Document key - value

These are the endpoints used when the extraction is based on key values and a key or a list of keys is provided as input.

Sync extraction

/ocrsvc/v{ver}/DocumentKeyValue is the endpoint used when the file type of OCR Document is one of JPG, JPEG or PNG and a key or list of keys is provided.

The table shows the required values:

Component Description
API Method /ocrsvc/v{ver}/DocumentKeyValue
Input
  • ver:1(Default value)
  • ocrDocument: Processes .jpg, .jpeg, and .png files as input.
  • list_of_keys: For example, Invoice Number, Invoice Date, Address, etc.
Output The response is of JSON type.

Async extraction

/ocrsvc/v{ver}/AsyncDocumentKeyValue is called the OCR Document is a .pdf file and a key or list of keys is provided.
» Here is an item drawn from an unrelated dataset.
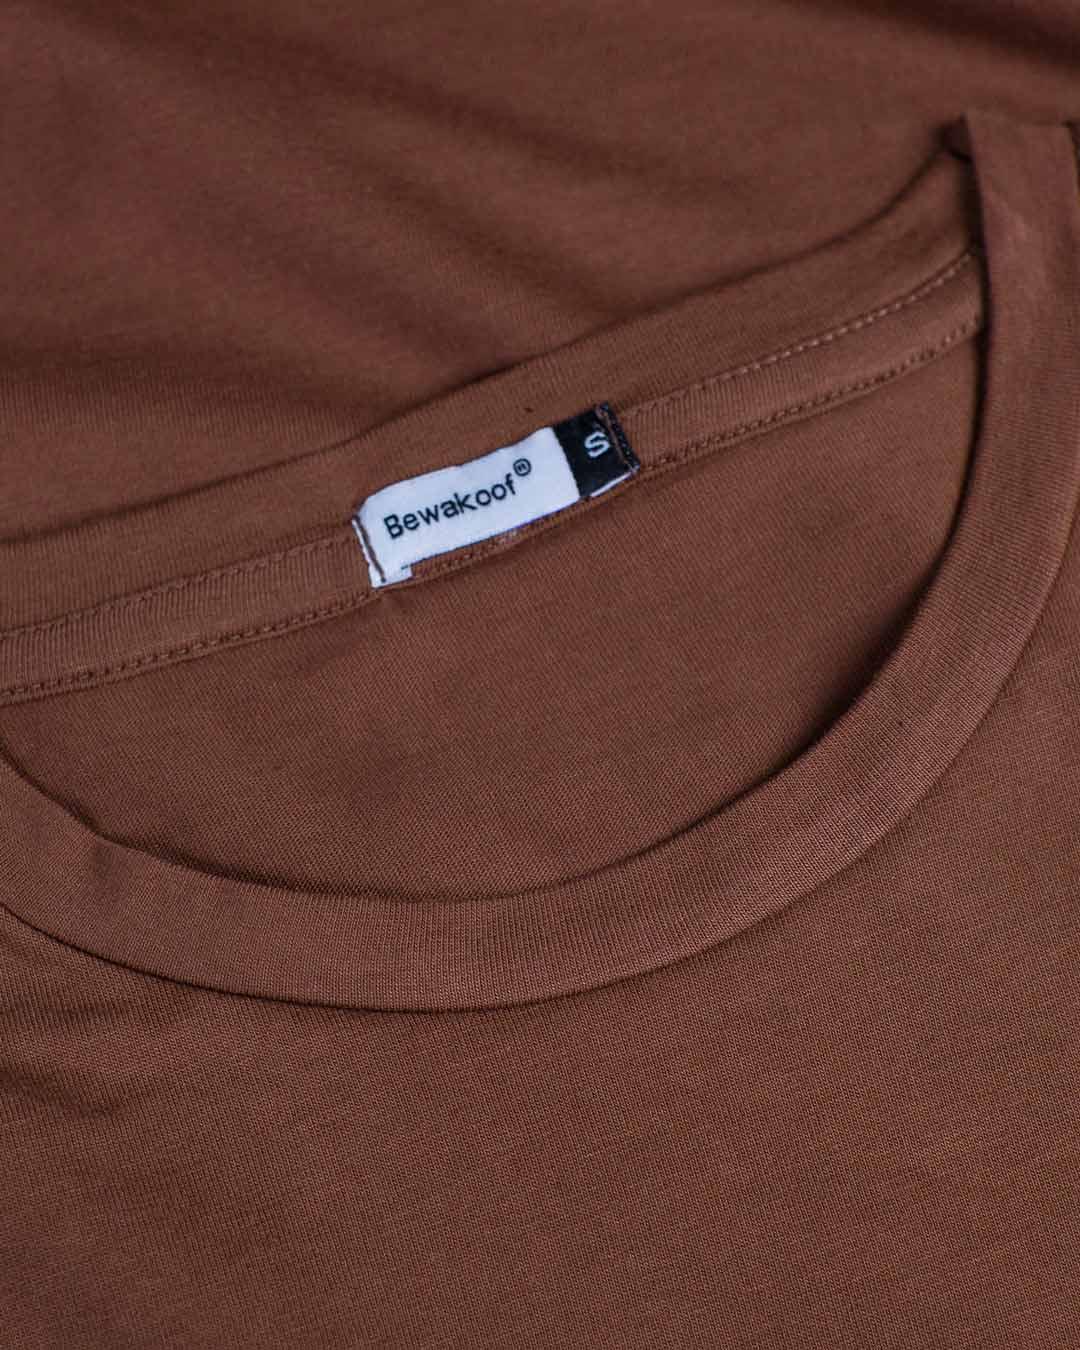 a4885ffe859 Mocha Brown Basic T-Shirt Dress - Plain Womens Basic T-Shirt Dress  Best  Price India - Bewakoof.com

The table shows the required values:

Component Description
API Method /ocrsvc/v{ver}/AsyncDocumentKeyValue
Input
  • ver:1(Default value)
  • ocrDocument: Processes .pdf file as input.
  • list_of_keys: For example, Invoice Number, Invoice Date, Address and so on.
  • pageNo: PageNo can be, for example, for .pdf with page size 10, values could be 1,2,3 or 1-3 or 1, 3- 5 or 1-3, 7-10.
Output Task ID is generated.

Using the Task ID, the user needs to submit the Task ID in /ocrsvc/v{ver}/GetJobResult. This API returns the job result for all the Async API for the given TaskID.

Response output

{
  "ExtractionData": [
    {
      "FieldName": "Name of the extracted entity",
      "FieldValue": "Extracted text value",
      "FieldGeometry": [Left, Top, Width, Height],
      "Confidence": "Confidence score of extraction",
      "PageNo": "Page number where the field was found"
    }
  ],
  "_metadata": {
    "Confidence": "Overall confidence score of the extraction",
    "TaskID": "Unique identifier for the OCR processing job",
    "OcrProvider": "Name of the OCR service provider used",
    "TenantID": "Identifier for the tenant or client using the service",
    "NumberOfPages": "Total number of pages in the document"
  }
}